- DVD cover
- Directed by: Trisha Ziff
- Written by: Trisha Ziff
- Produced by: Trisha Ziff, Eamon O'Farrill, Paco Poch
- Cinematography: Claudio Rocha
- Edited by: Bernat Aragonés, Luis Lopez, Paloma López
- Production companies: 212 Berlin, Mallerich Films, Alicorn Films
- Release date: July 9, 2011 (Karlovy Vary);
- Countries: Mexico, Spain, United States
- Languages: English, Spanish

= The Mexican Suitcase =

2007 documentary

The Mexican Suitcase is a 2011 documentary film directed by Trisha Ziff. It tells the story of over 4000 film negatives created during the Spanish Civil War by photographers David Seymour, Gerda Taro, and Robert Capa. The film follows the journey of the photographs from their disappearance at the beginning of World War II to their rediscovery in 2007. Interviews also cover political and personal stories from the era. According to Documentary magazine:

The Mexican Suitcase brings together three narratives: the suitcase, the exile story and how people in Spain today address their own past, 30 years after transition. The Mexican Suitcase addresses the power of memory, and asks, “Who owns our histories?”

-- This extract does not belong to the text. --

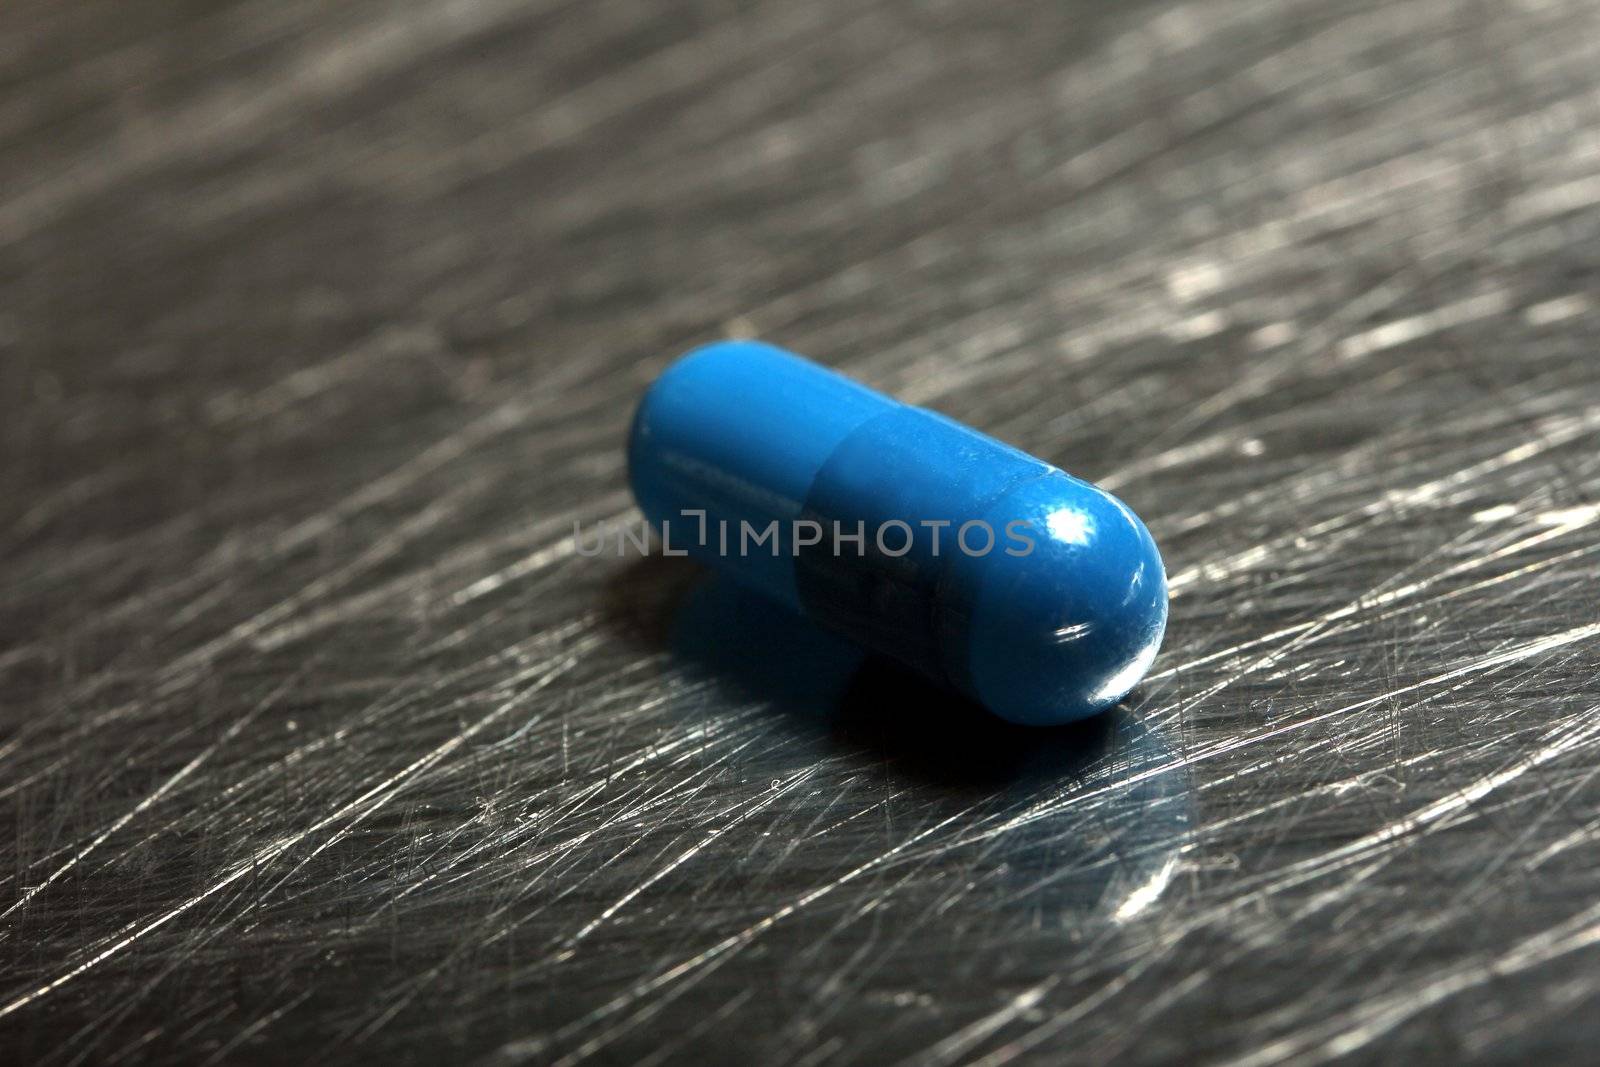 colored medicinical capsule on a steel plate

Time wrote, "Ziff weaves in personal, often painful accounts of biographies of those who had survived the war by fleeing Spain, many unable to forget even to this day."

Film Journal International said, “…for even the most casual students of photography, journalism and history, this beautiful and soulful film is nevertheless required viewing.”

The film was invited by the International Documentary Association to qualify for Academy Awards consideration by participating in DocuWeeks 2011, where it was called "fascinating on multiple levels."